= Follow Me up to Carlow =

Irish folk song

"Follow Me Up to Carlow" is an Irish folk song which celebrates the battle of Glenmalure, a 1580 engagement of the Second Desmond Rebellion which saw an army of 700 rebels under Fiach McHugh O'Byrne rout 2,000 English and Irish troops under Arthur Grey, 14th Baron Grey de Wilton.

==Composition==

The air is reputed to have been played as a marching tune by the pipers of Fiach MacHugh O'Byrne in 1580.

The words were written by Patrick Joseph McCall (1861–1919) and appear in his Songs of Erinn (1899) under the title "Marching Song of Feagh MacHugh".

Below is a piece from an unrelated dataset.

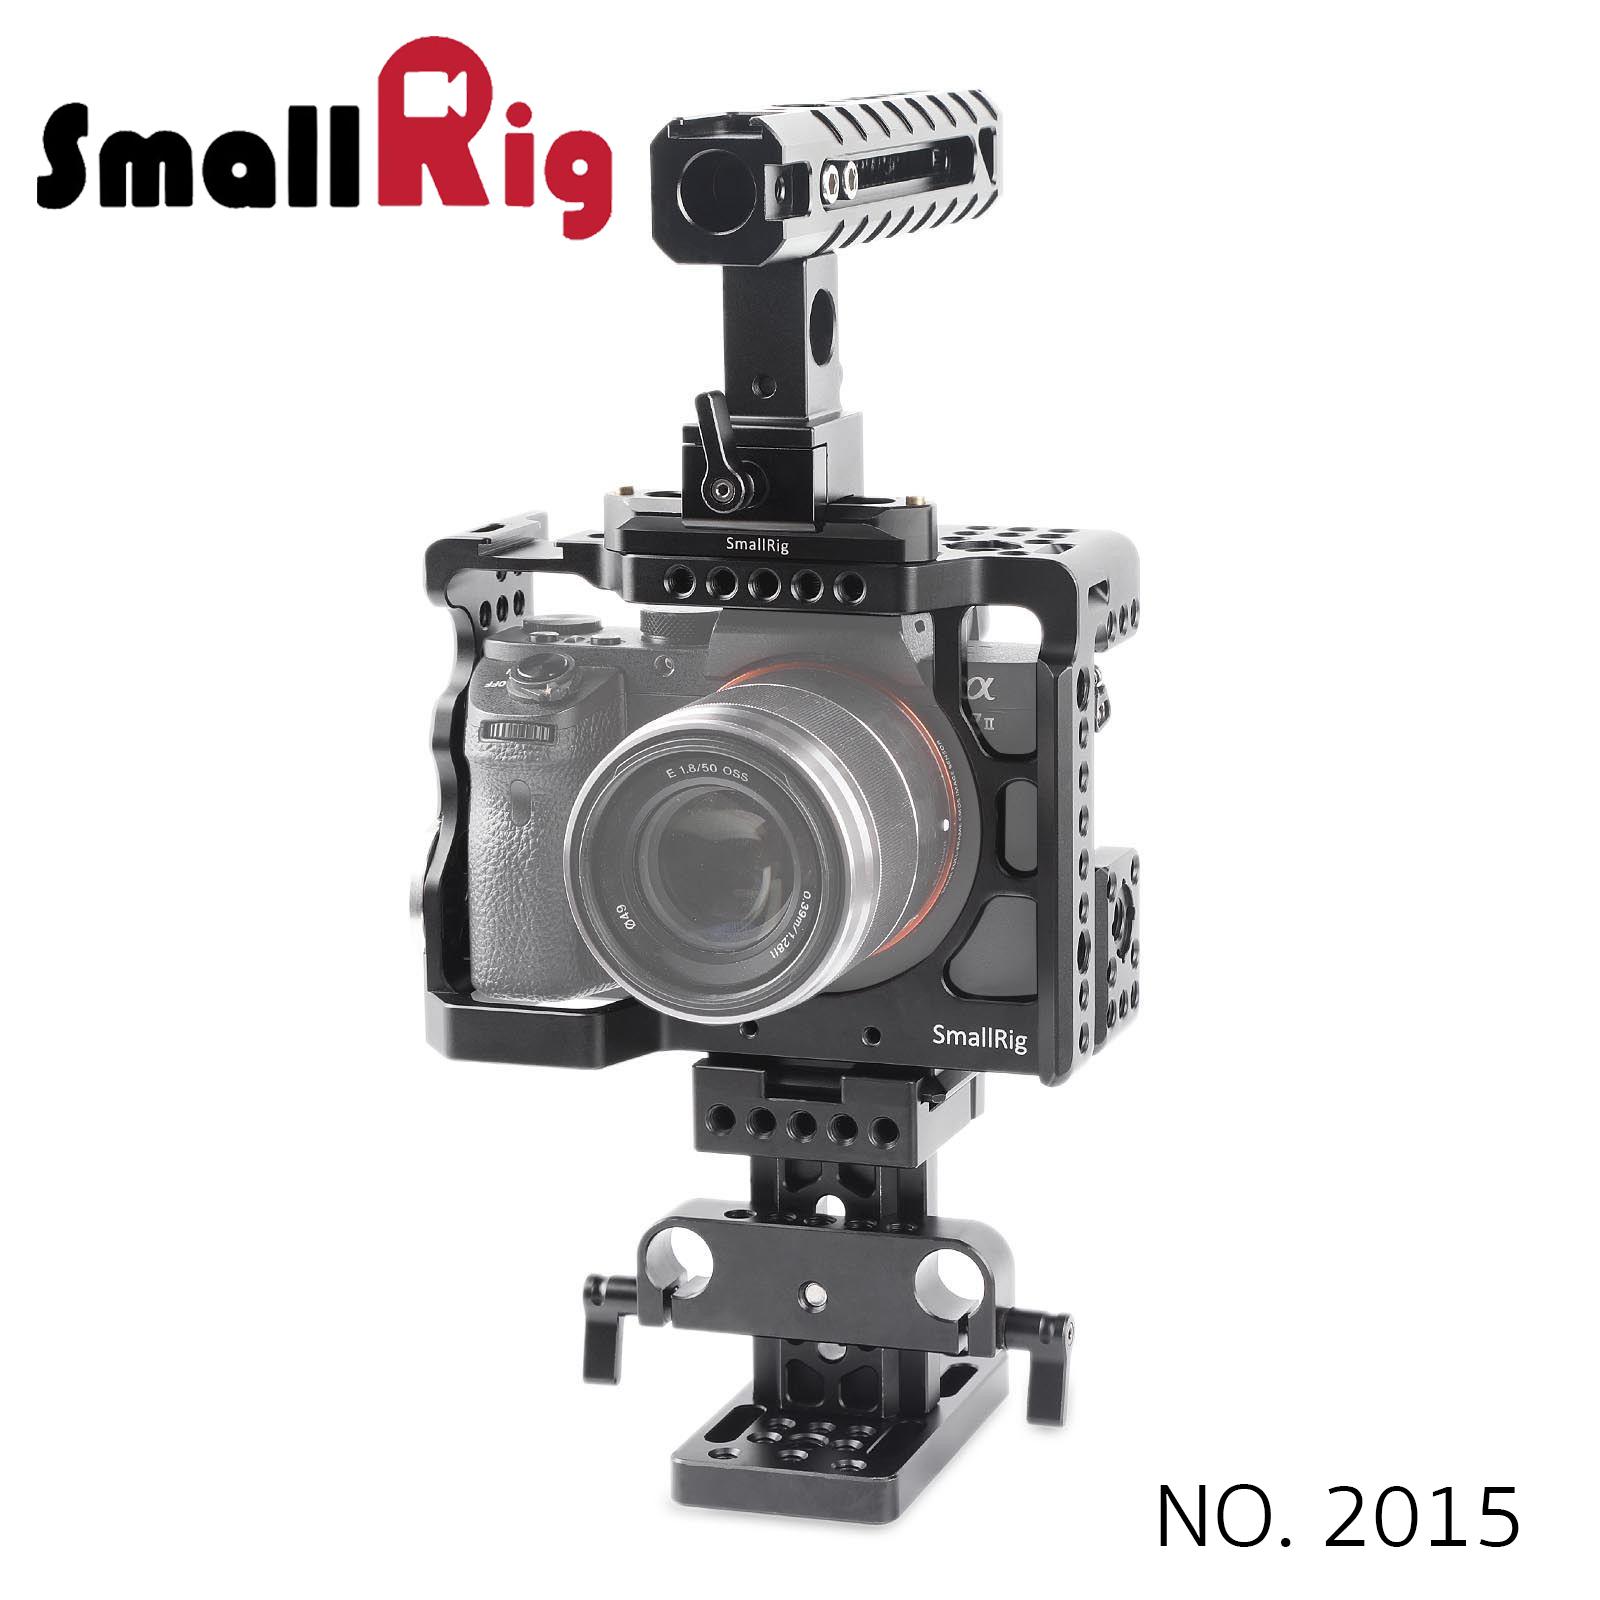 SMALLRIG® Sony A7 II/ A7R II/ A7S II Accessory Kit 2015

=== Characters mentioned ===
- Brian Mac Cahir Óg Kavanagh, Fiach's brother-in-law (as "MacCahir Óg")
- Queen Elizabeth I of England ("Queen Liza")
- William FitzWilliam, Lord Deputy of Ireland
- Baron Arthur Grey
- Fiach McHugh O'Byrne
- Sir Pierce (or Piers) Fitzgerald, High Sheriff of Kildare (as "Lord Kildare")
- Rory Óg O'More

==Performances==

The song performed by Christoph Nolte.

It has been performed by numerous Irish folk bands, including Planxty and Wolfe Tones.